5. The Defendant’s evidence is very credible reflecting no attempt to exaggerate the crucial parts of his own case. He admits that the contract was an oral one and that the Plaintiff had no actual or constructive knowledge of the particular corporate entity that the Defendant considered he was acting as agent for. In these circumstances, Mr. Rothwell submitted that the Defendant was very arguably not liable to the Plaintiff at all; Mr. Harshaw countered that the Plaintiff was clearly entitled in law to sue the Defendant as the agent of an unidentified principal in any event.
6. ‘Bowstead and Reynolds on Agency’, 19th edition, at paragraph 9-016 state: “It is therefore submitted that the courts should be willing to adopt a rule of at least prima facie liability together with the unidentified principal unless it is absolutely clear that the person concerned acted as agent only.”
7. The learned authors concede that the common law does not yet clearly recognise a prima facie rule to the said effect. On the other hand, there are cases where the courts have applied the more generous undisclosed principal rules to facts which are more properly characterised as unidentified principal cases. Mr. Harshaw relied on paragraph 8-075 in Bowstead and Reynolds on Agency in this regard: “In all these cases the first requisite would of course be that the agent was liable as a contracting party: otherwise the situation would lack certainty.” It appears that there is no invariable rule that a person contracting with the agent of an unidentified principal has a duty to make enquiries with a view to ascertaining on whose behalf the agent is acting. 3
8. The present case appears strongly to be one where the Defendant concluded a contract on behalf of an unidentified principal in circumstances where, if he could not be sued, the transaction would lack certainty. Legal policy would potentially be more likely to dictate that the Plaintiff is entitled to sue the Defendant with whom the oral agreement was actually consummated than to conclude that either: (a) the Plaintiff must be deemed to have contracted with a legal person unknown to the Plaintiff until after judgment; or (b) the Plaintiff should have no contractual right of action at all because it failed to ascertain the identity of the Company at the relevant time.
9. Accordingly, I find that the Defendant has, at best, only marginally good prospects of establishing that he was not liable to be sued at all on the relevant contract. Exercise of discretion
10. The Plaintiff will clearly be prejudiced if the judgment is set aside over a year after it was obtained in circumstances where the Defendant (a) deliberately elected not to apply to set it aside and (b) negotiated with the Plaintiff to pay off the judgment debt on a monthly basis. Setting aside the judgment will interfere with its accrued post-judgment interest and priority rights and postpone its ability to obtain a judgment for an undisputed debt for several months.
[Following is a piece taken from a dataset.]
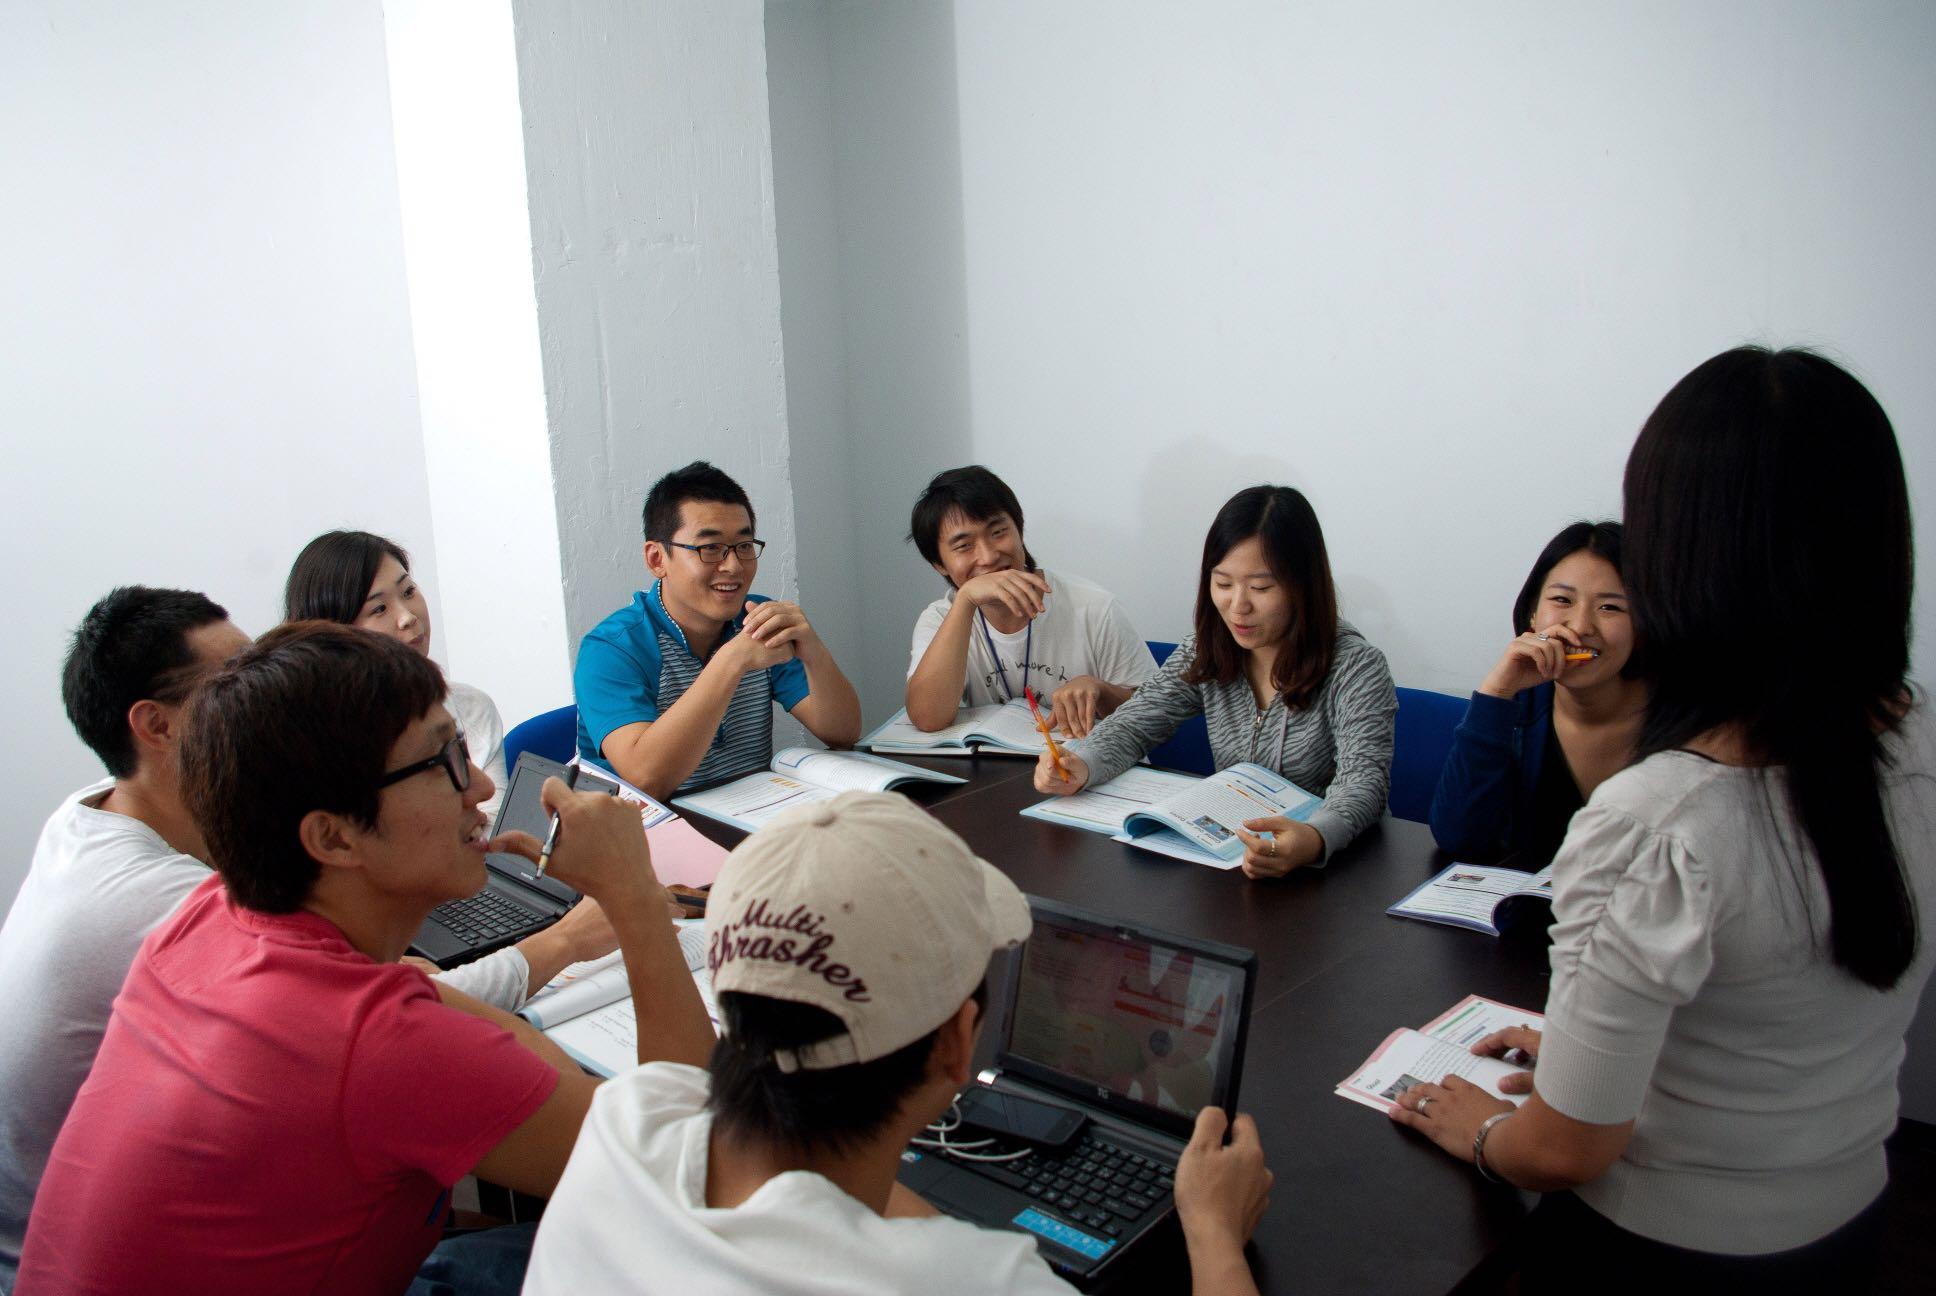 菲律賓語言學校 團體課

11. Having regard to the fact that in purely factual terms there is no dispute as to the Plaintiff’s entitlement to the outstanding portions of the judgment debt in respect of invoices which have never been challenged, the potential complexity of the agency law issues which the Defendant’s defence would require to be tried and the marginally good strength of the defence, the costs of any such trial (as between the Plaintiff and the Defendant) would likely be disproportionate to the importance of the case and wasteful in expense terms.
12. It is difficult to see how justice will be served by requiring the Plaintiff to suffer the commercial prejudice of a risk assumed by the Defendant, a businessman who had access to legal advice. If the Default Judgment remains in place, it will be for the Defendant to pursue the Company in Third Party proceedings. If it is set aside, the Plaintiff will have to incur the costs of pursuing in contested proceedings both the Defendant and (possibly) the Company for what is in substance an undisputed debt.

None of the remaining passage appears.